In exponentiation, x⁰ is generally defined as equalling 1, regardless of the value of x. Meanwhile, division by zero yields an undefined result. I don't understand why we can give a value to the first if it's impossible to give a value to the second, so I'm left supposing that we could logically define the result of division by zero as something, but basically we've not. Am I missing something here, something really basic, or am I correct in saying that it's merely a matter of mathematical convention? Nyttend (talk) 14:10, 19 November 2016 (UTC)

The basic reason is that while there is a way to extend exponentiation for positive integers to allow the exponent to be zero without losing any properties, there is no way to extend division for positive integers to allow the divisor to be zero without losing any properties. Double sharp (talk) 14:13, 19 November 2016 (UTC)

Division by zero is undefined because it is inconsistent with the essential properties of arithmetic. This is not true of raising numbers to the 0th power; indeed the two have hardly anything in common. --JBL (talk) 14:51, 19 November 2016 (UTC)

(Above answers are good- trying to use simpler language here.) You are exactly right that you could define division by zero as something, but basically we've not. People can make whatever definitions they want- the question is whether those definitions are useful and have nice properties. One important property is that things be continuous. That means that if 4/0 is allowed, then it should be close to things like 4/0.1 and 4/0.01 since those denominators are close to 0. But you can just check that 4/0.1 = 40, 4/0.01 = 400, which don't seem to get close to any value in particular. Contrast this with exponents- you can check on your calculator that 4^0.1 = 1.148, 4^0.01 = 1.014, 4^0.001 = 1.001 (i'm cutting off digits in the answer). Looking at those values it seems entirely reasonable to define 4^0 = 1, while there seems to be no reasonable definition for 4/0. Staecker (talk) 15:16, 19 November 2016 (UTC)

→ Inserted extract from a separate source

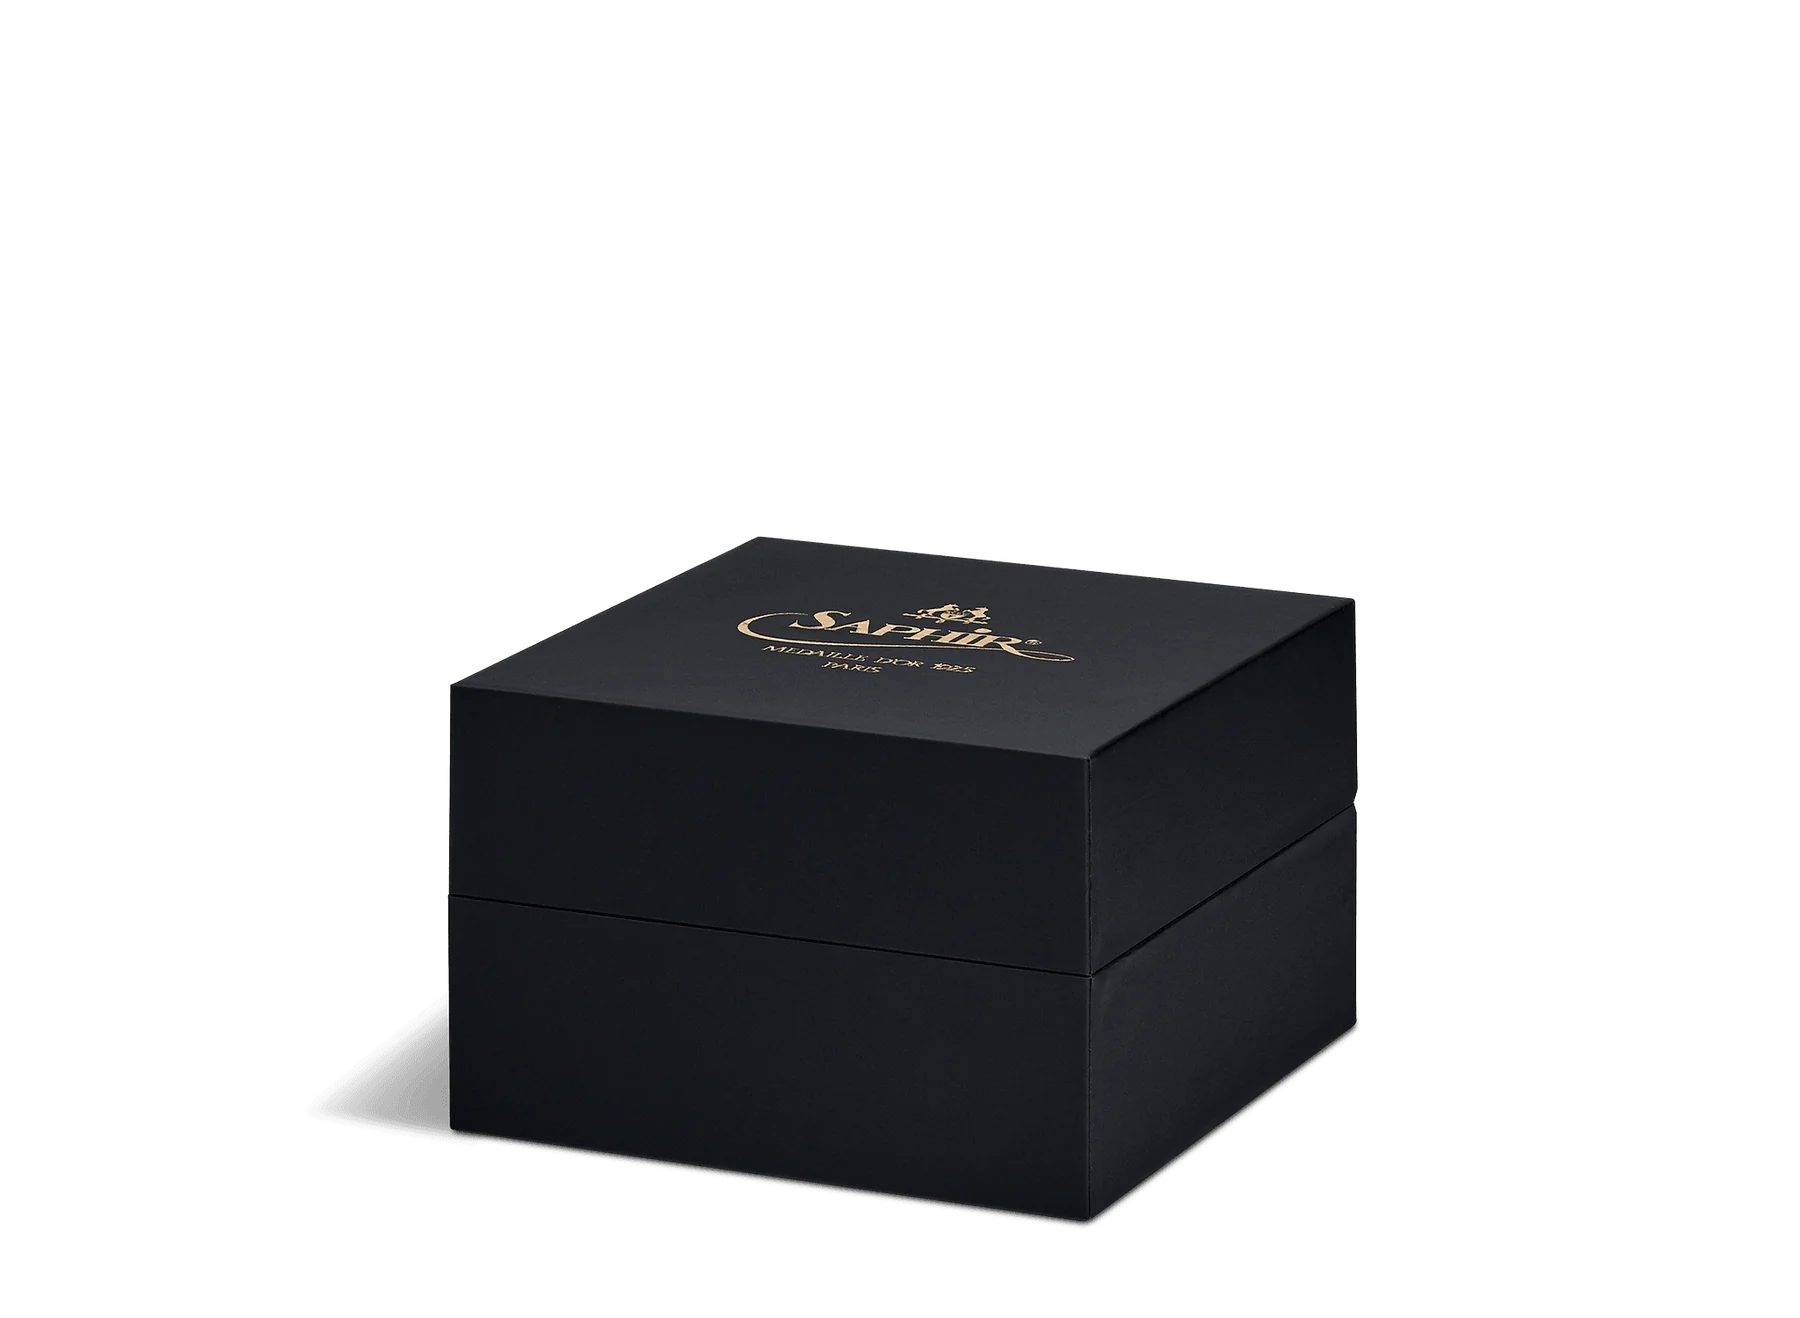 Saphir Médaille d'Or Ecrin shoe presented in a box, is perfect for a gift.    It contains one (1) each of the following:  1 x Black Creme Polish 1925 Pommadier 1 x Polishing cloth 1 x Spreading brush 1 x Mini polish brush
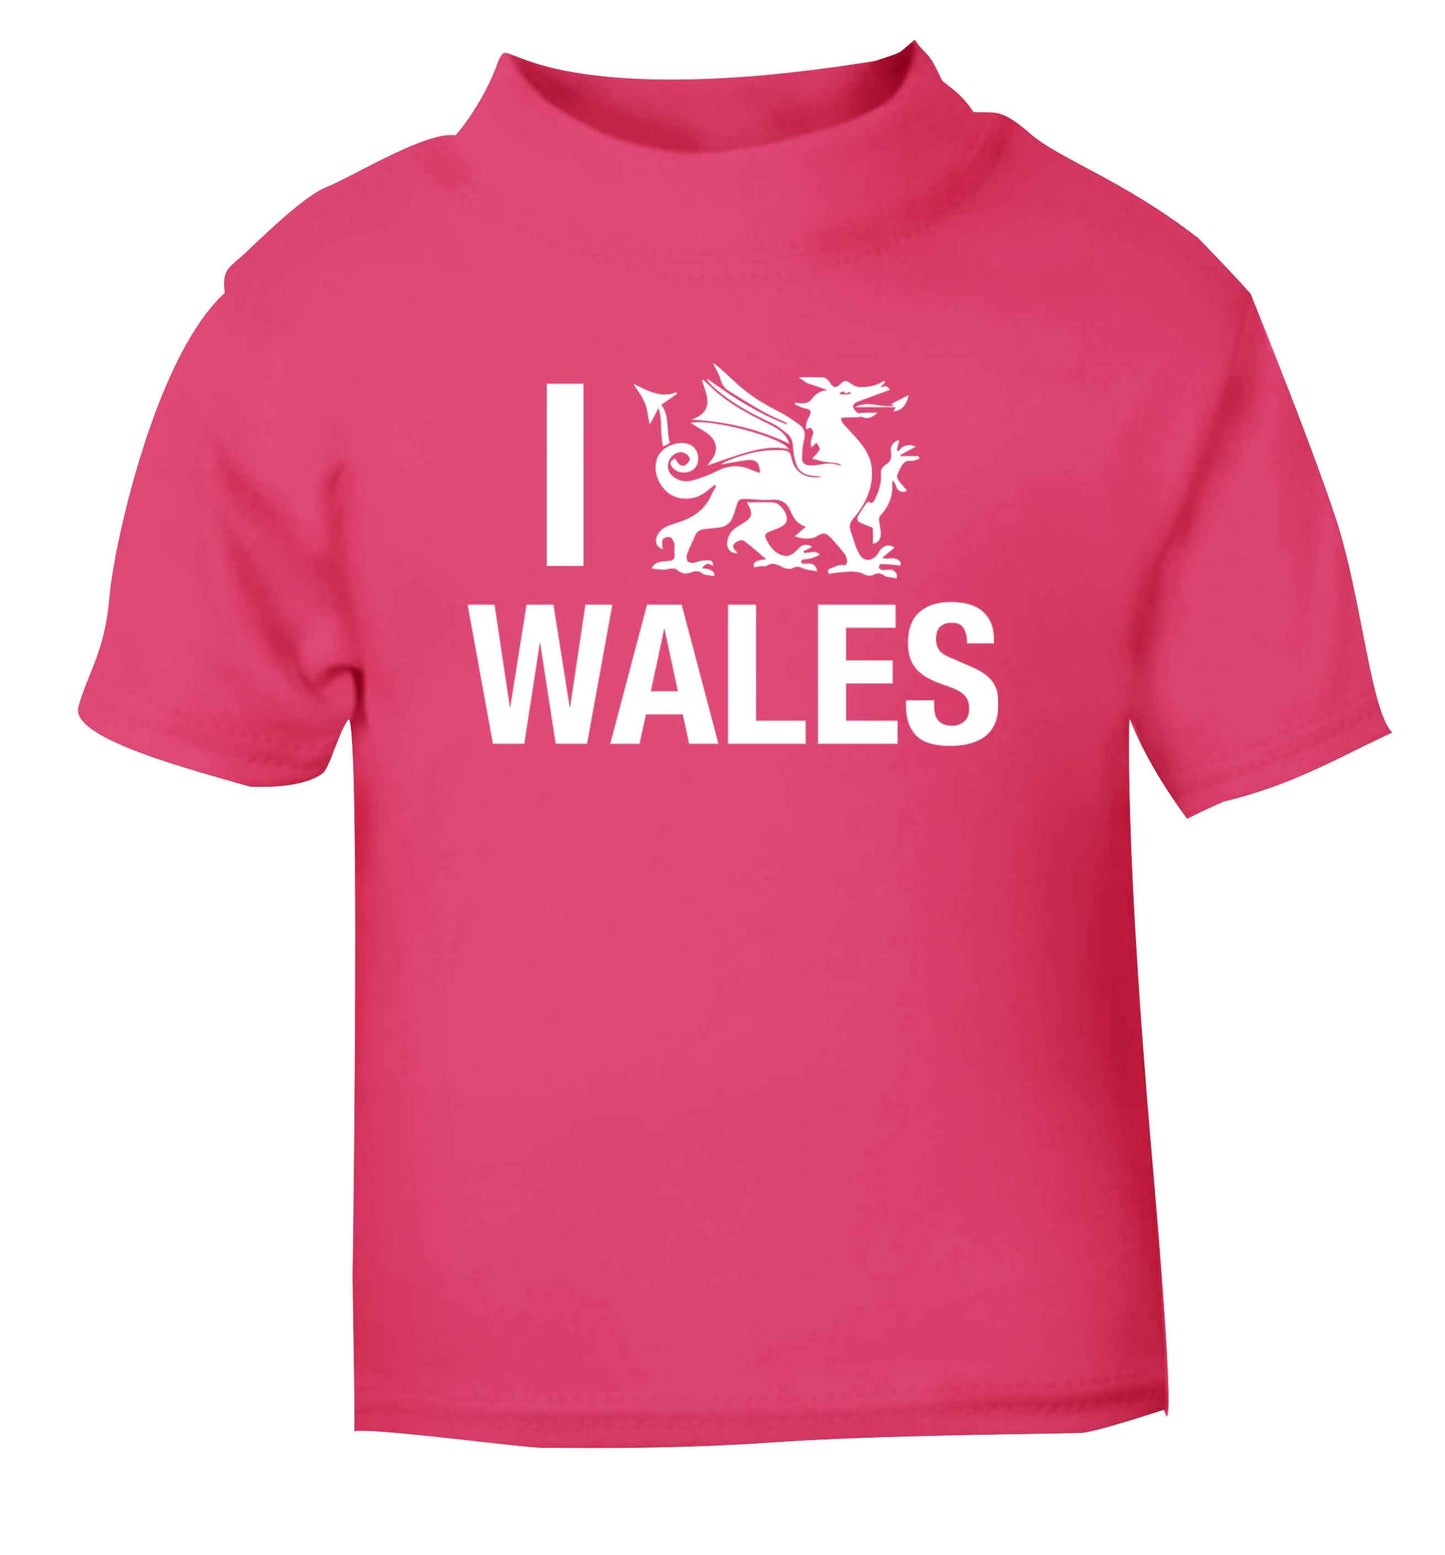 I love Wales pink Baby Toddler Tshirt 2 Years

When the Indians first discussed zero and negative numbers they had the rule that zero divided by zero was zero. We could have proceeded on that basis just like the rule that 0^0 is 1 and coped with problems in the same way. It really is a matter of convenience, they don't either of them have a good logical value. 0^0 being 1 is very useful to avoid having to write special things in series and it works out as a good value normally. 0/0 having the value 0 is far less useful and would cause lots of problems. However dogmatically saying 0^0 must be one in all circumstances also causes problems particularly in calculus. And if 0^0 is 1 then 0^(0/2) one or i in complex numbers so i would be another reasonable value - some people choose 0 instead sometimes there. Dmcq (talk) 15:29, 19 November 2016 (UTC)

(Dmcq, 0^(0/2)=(0^0)^(1/2)=1^(1/2)=1. i is the square root of minus one, not the square root of plus one. Bo Jacoby (talk) 16:33, 19 November 2016 (UTC))

Sorry, silly me, I try and dredge up what I was thinking of. Dmcq (talk) 16:41, 19 November 2016 (UTC)

Have you read Exponentiation#Zero_to_the_power_of_zero? Generally depends on what your area is. Dmcq (talk) 15:45, 19 November 2016 (UTC)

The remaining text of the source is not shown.